The overall serenity and detachment of the largely agrarian town of Gaibandha makes for an unlikely harbour of widespread scientific endeavour. Yet if one were to visit the town, it would be difficult not to notice the town's burgeoning community of science enthusiasts. More than 55 science clubs have cropped up here, and with over 500 members, their significance to the community of Gainbandha are becoming increasingly apparent. In fact, the significance of the contributions they are making toward society is such that more than 20 of the members have received research grants and R&D (Research and Development) fellowships from the Ministry of Science and Information Communications Technology for their respective research projects. Remarkably, all of these budding researchers are either students or recent graduates and none have formal scientific education or training.

This intensity of scientific activity, and that too in such unexpected quarters, would surprise many of us. But for Omar Azad Chowdhury, this is just the fruit of years of labour and single-minded dedication that made it possible to promote science to the school children of Gaibandha. Omar Azad Chowdhury, an educator and successful inventor, has worked relentlessly for over a decade to eliminate “science phobia” and to promote the sciences as subjects that are not only practical, but also, if taught properly, entertaining. He has developed teaching aids and a hands-on method that makes science fun for children, motivating them to better understand it for its own sake and not just to meet academic requirements. The goal is to help the children use science as a tool through which they can ultimately make significant contributions to the socio-economic development of their communities. The effectiveness of his method is self-evident. One only needs to look at the current state of Gaibandha with its bustling science clubs for confirmation.

Omar Azad Chowdhury grew up in the northern district of Gaibanda. From an early age he developed an interest and aptitude for inventing; his first gadget was a slide projector built when he was still in second grade. His role model was his uncle who was himself a social innovator and organiser. His uncle worked to organise small cottage industries to help the poor, the destitute to become self-reliant. He would organise women into groups to produce their own yarn from cotton on a commercial basis. He established a handloom factory in an abandoned house and trained unemployed youth to produce textiles and different textile products for sale, and would distribute seeds to farmers for cultivating cotton. His uncle was the only person of his family to encourage his fascination of science, and would regularly provide him with financial assistance for his research work. His uncle's work greatly influenced Mr. Chowdhury, and had fostered in him a strong sense of commitment towards society and a constant drive for innovation.

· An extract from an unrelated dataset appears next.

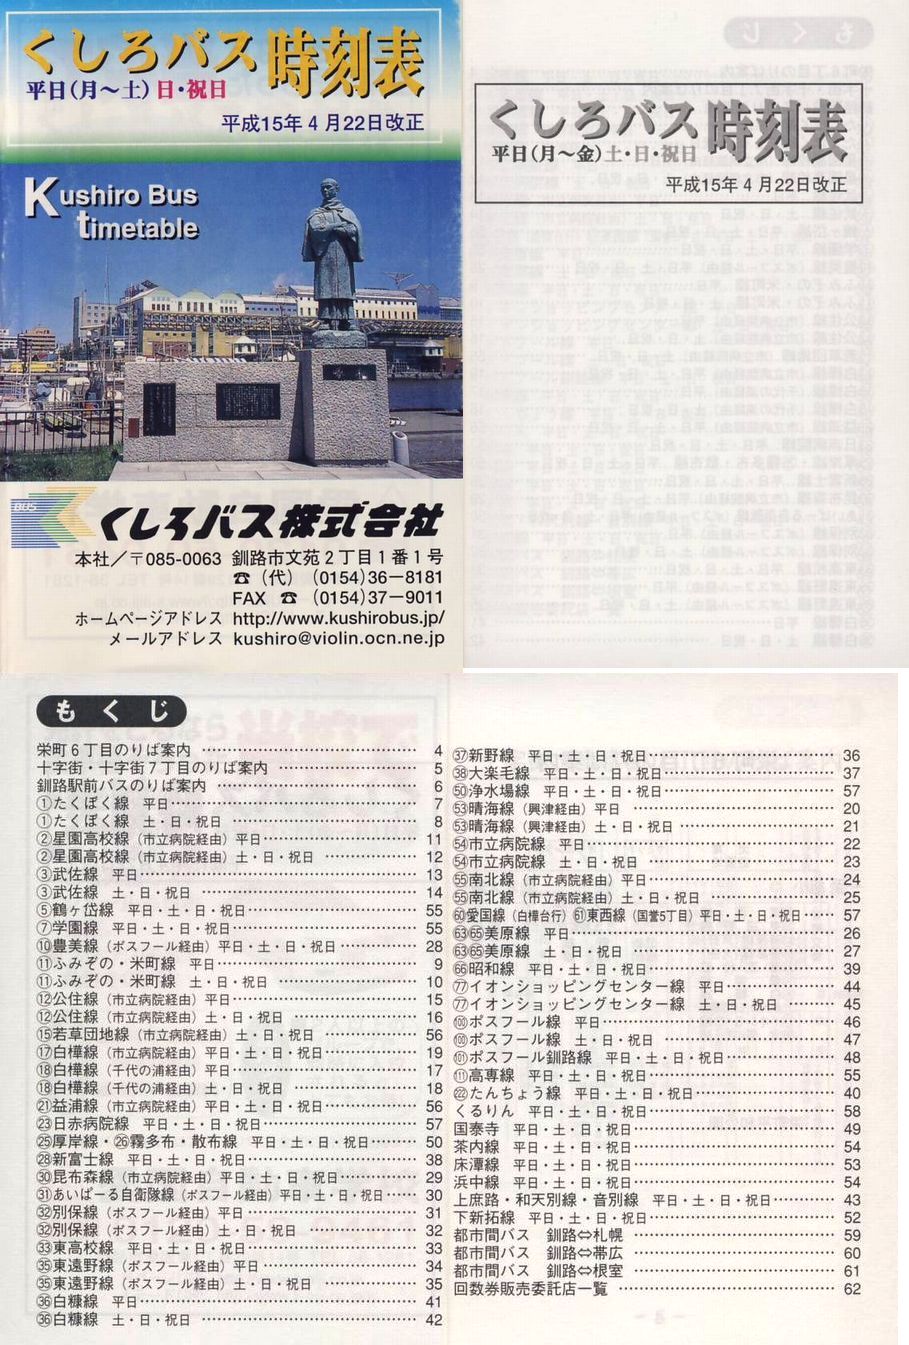 2003-04-22改正_くしろバス_冊子時刻表_00-03

After completing his secondary school certification, Mr. Chowdhury entered a diploma engineering programme at a college in the neighbouring district of Rangpur. However, he was forced to drop out because of financial difficulties, and due to provisions barring students from re-entering the system two years after passing SSC. He later went on to finish his higher secondary certification.

He began his professional life with poultry farming. Finding the incubators sold at the local markets inadequate, Mr. Chowdhury began to work on inventing and manufacturing a better model. Success in this project landed him the President's award in 1995. Mr. Chowdhury's knack for fixing and inventing things started attracting young students. He saw their fascination with gadgets, and their eagerness to invent, and started teaching and informing them about different machines and gadgets. He also observed that though many of them were science students, the fundementals of their learnings were generally very weak. Up until that point, his work with the youth was mainly for his own enjoyment, but now, recognising an opportunity to make a contribution, he decided to jump in.

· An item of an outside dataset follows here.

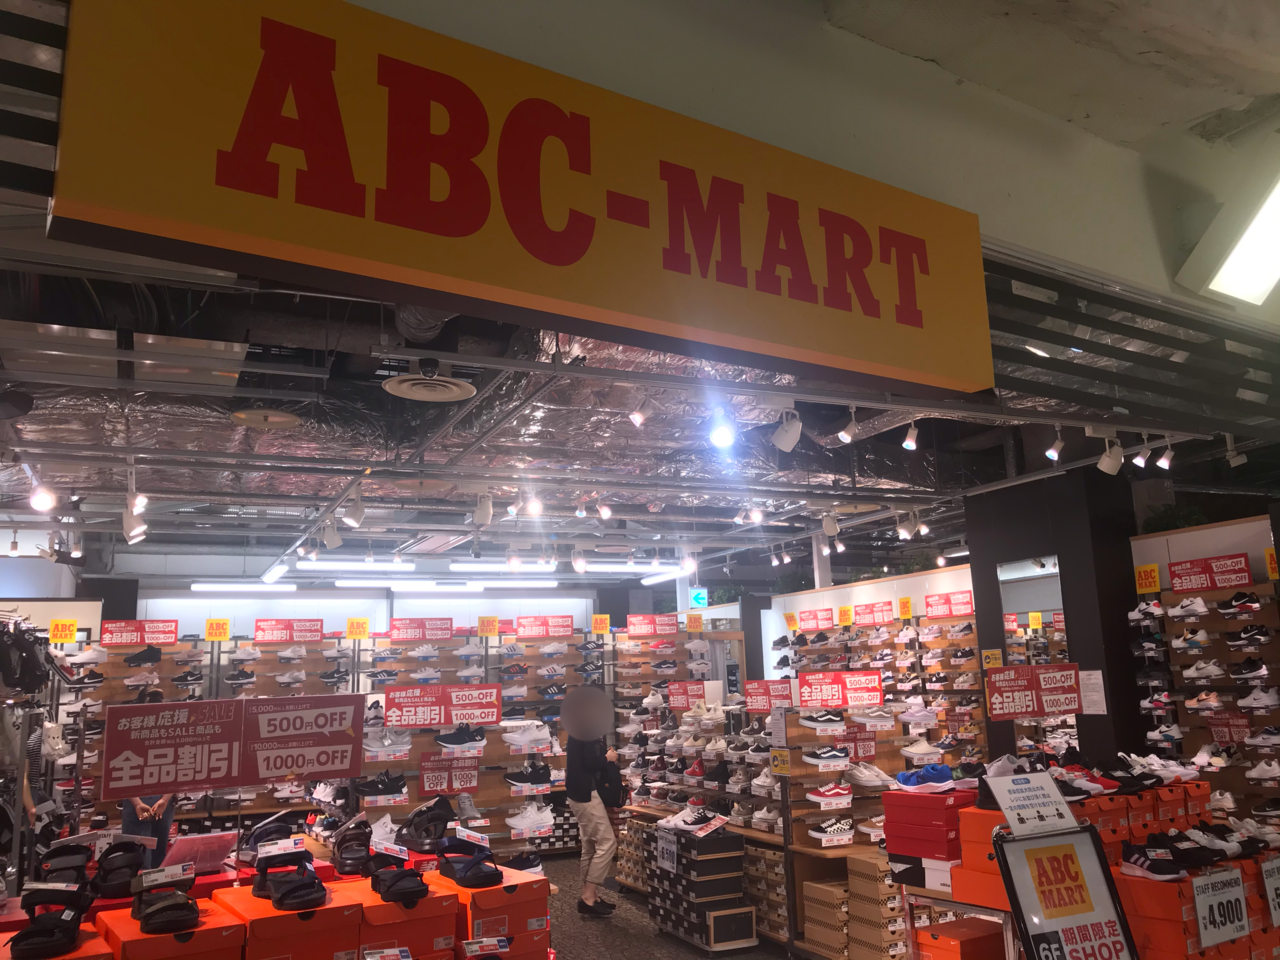 横須賀市 モアーズの Abc Mart が改装工事 代替店で営業中 号外net 横須賀市 三浦市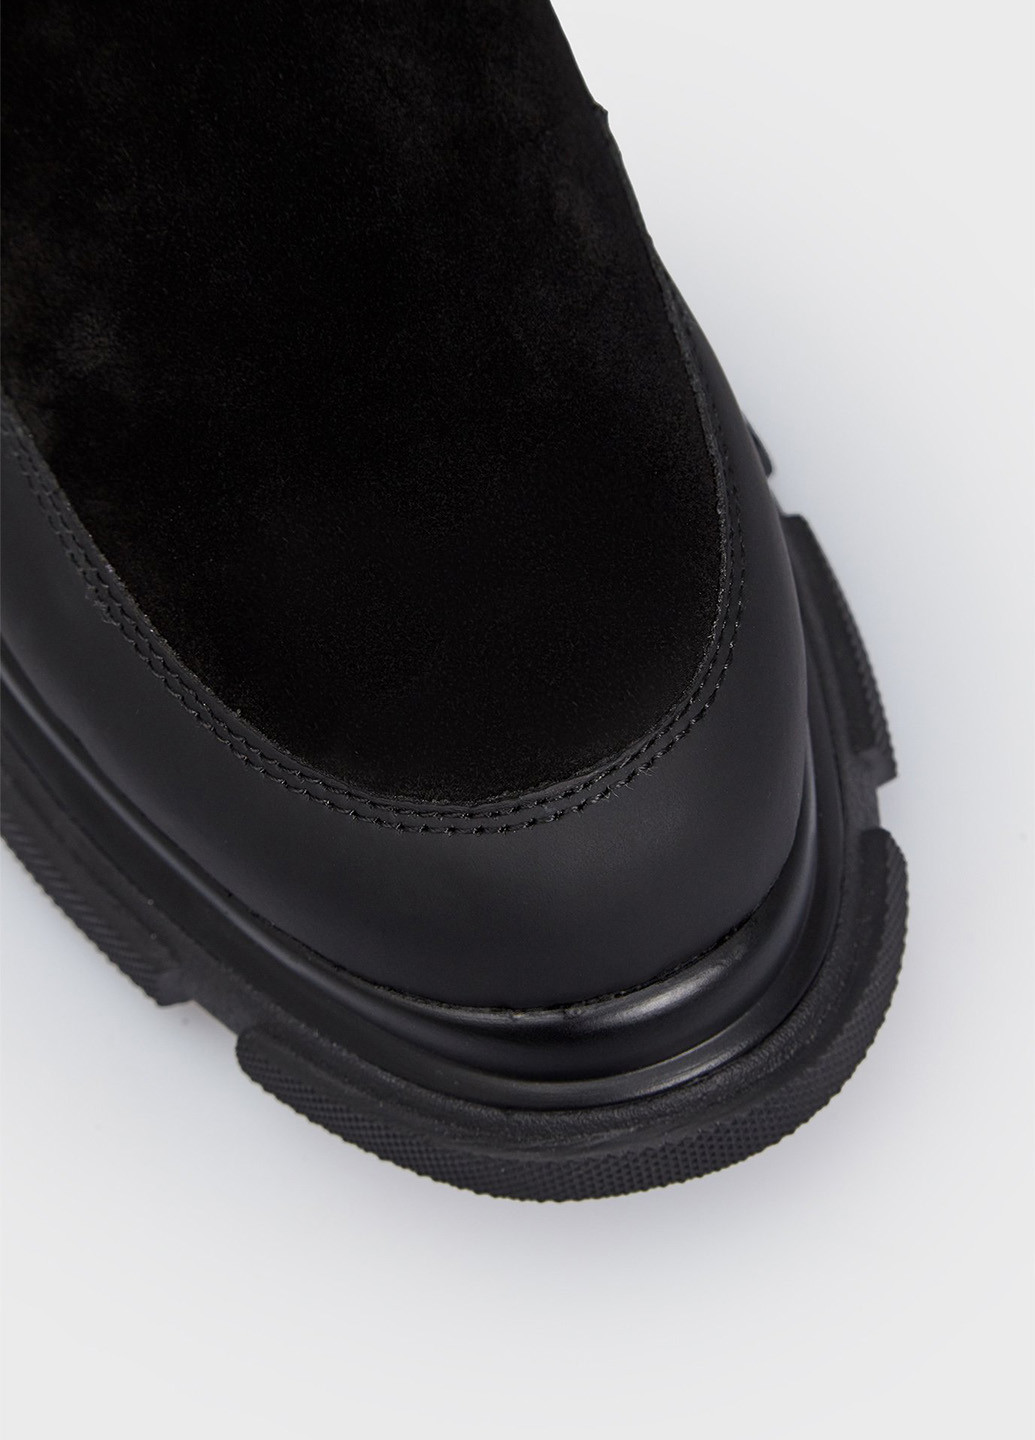 Осенние ботинки челси PRPY с логотипом из натуральной замши, тканевые

His idea was simple. From experience, he observed that children develop a fear of science from a very early age. The education system of Bangladesh being so rigid, teachers do not have the freedom to adapt their materials or methods to the needs of individual students, nor does the system give them any incentive to do so. The rush to complete the syllabus in order to prepare students for board exams leaves little room for experimentation in teaching methods and as a result, schools do not foster creativity but instead direct students to abstractly memorize facts. Because the curriculum moves swiftly, students can easily fall behind, a common occurrence, one that severly undermines their academic experience. This is particularly true for girls and rural students, where fear of failure leads to high rates and drop-outs.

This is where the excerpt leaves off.